### Supplied entries
####
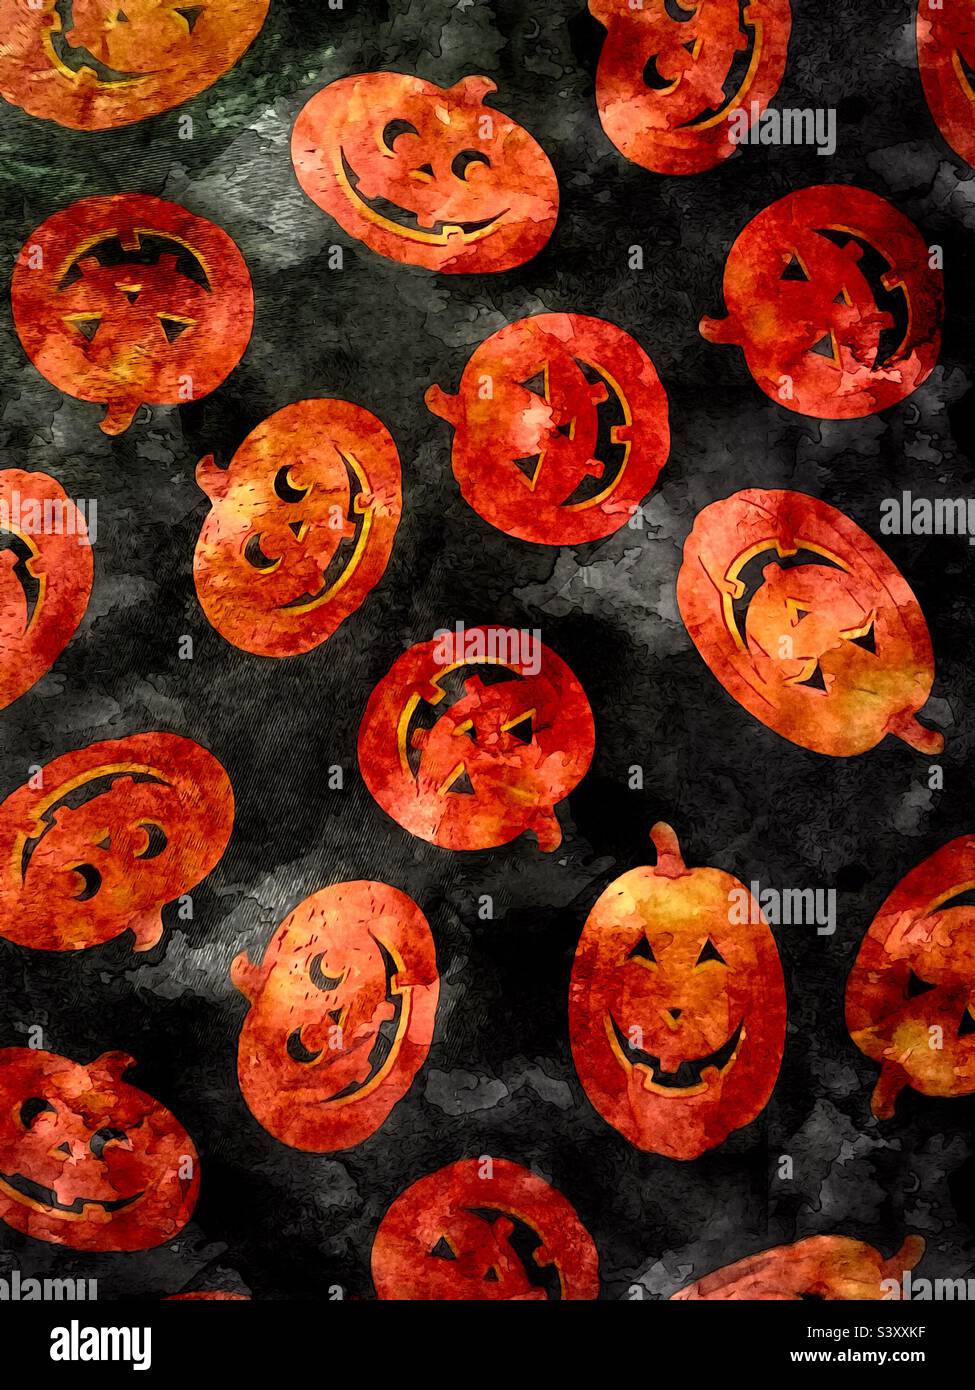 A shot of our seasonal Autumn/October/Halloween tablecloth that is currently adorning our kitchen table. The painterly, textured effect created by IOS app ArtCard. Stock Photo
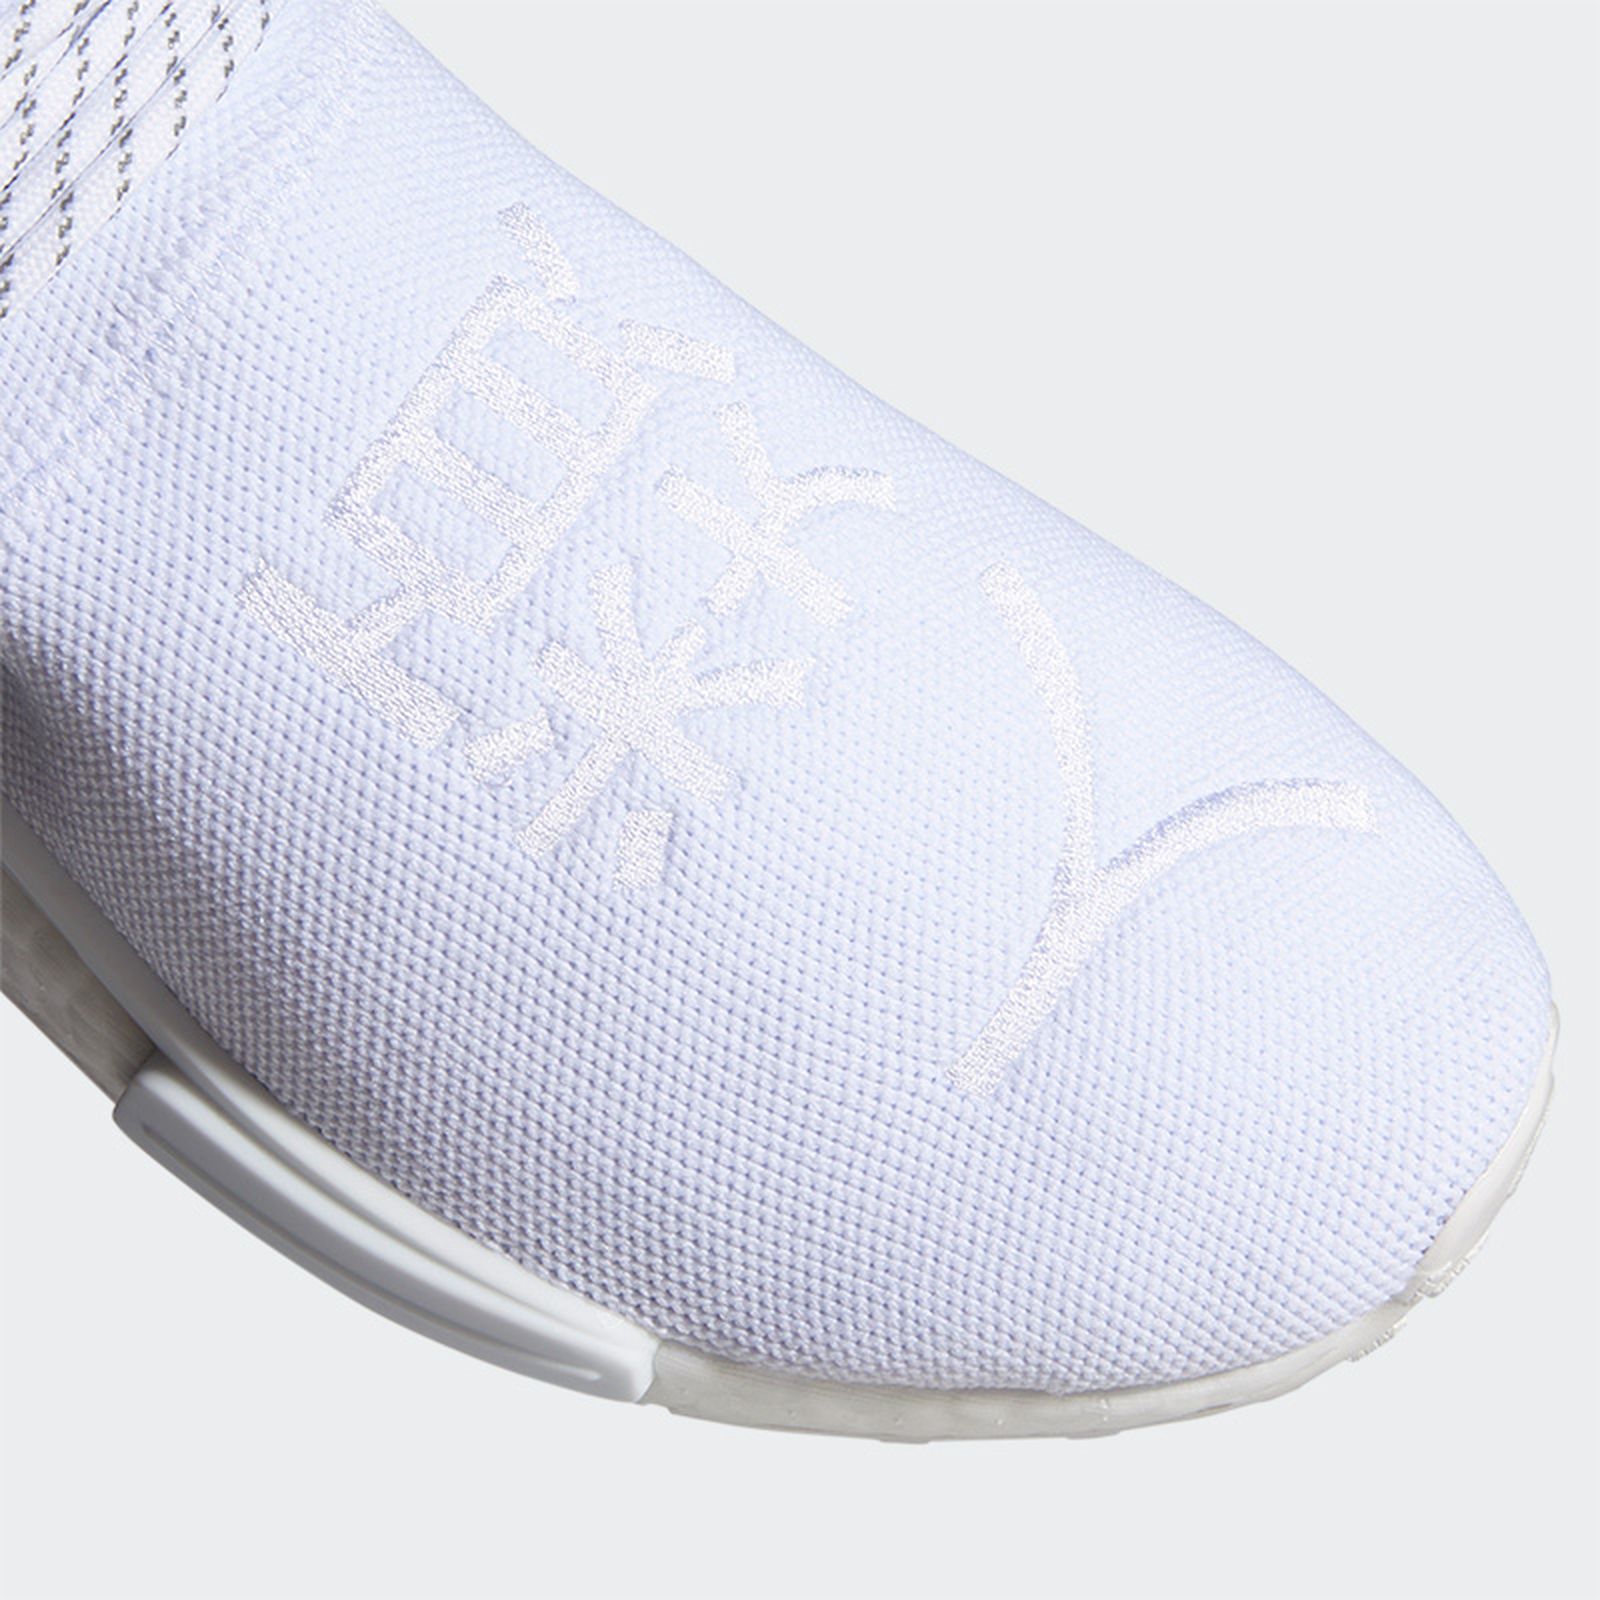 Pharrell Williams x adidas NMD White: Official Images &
####
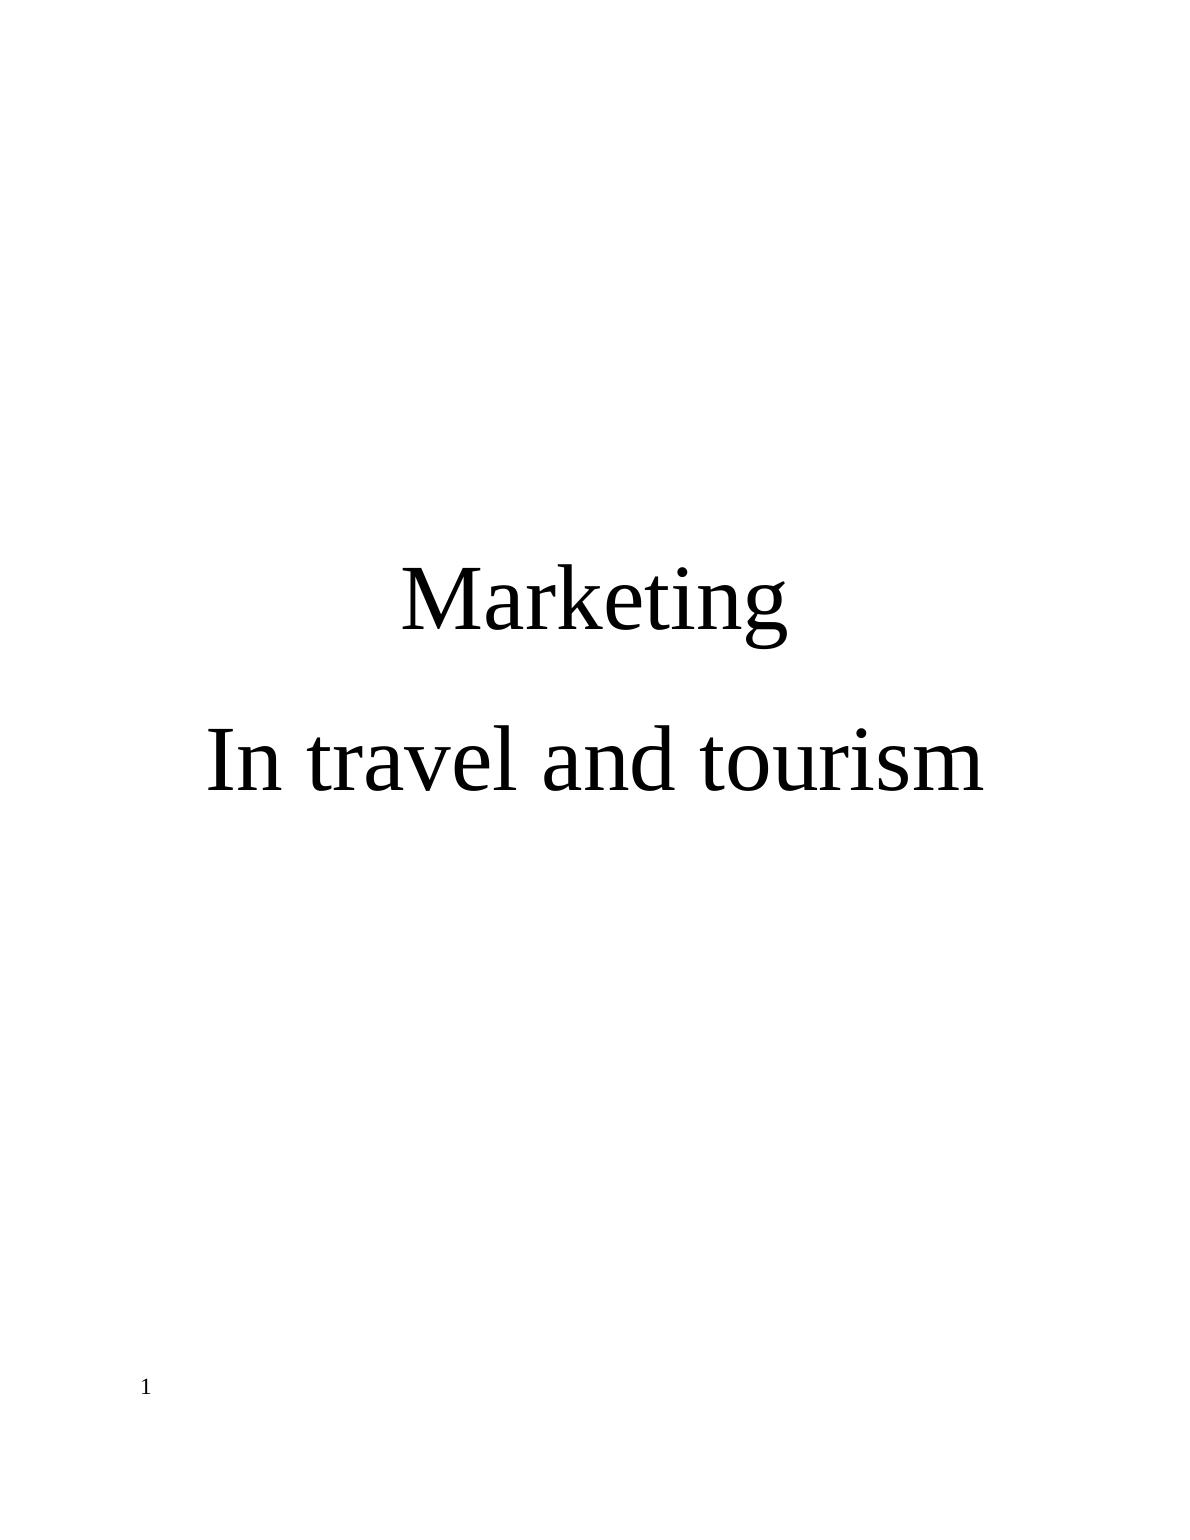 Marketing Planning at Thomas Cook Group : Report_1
####
### Task brief
Only the lines above starting with the line with "A shot of our" and going on through the line with "Pharrell Williams x" belong in the answer; repeat them exactly, minus any picture.

### Answer to the exercise
 A shot of our seasonal Autumn/October/Halloween tablecloth that is currently adorning our kitchen table. The painterly, textured effect created by IOS app ArtCard. Stock Photo
 Pharrell Williams x adidas NMD White: Official Images &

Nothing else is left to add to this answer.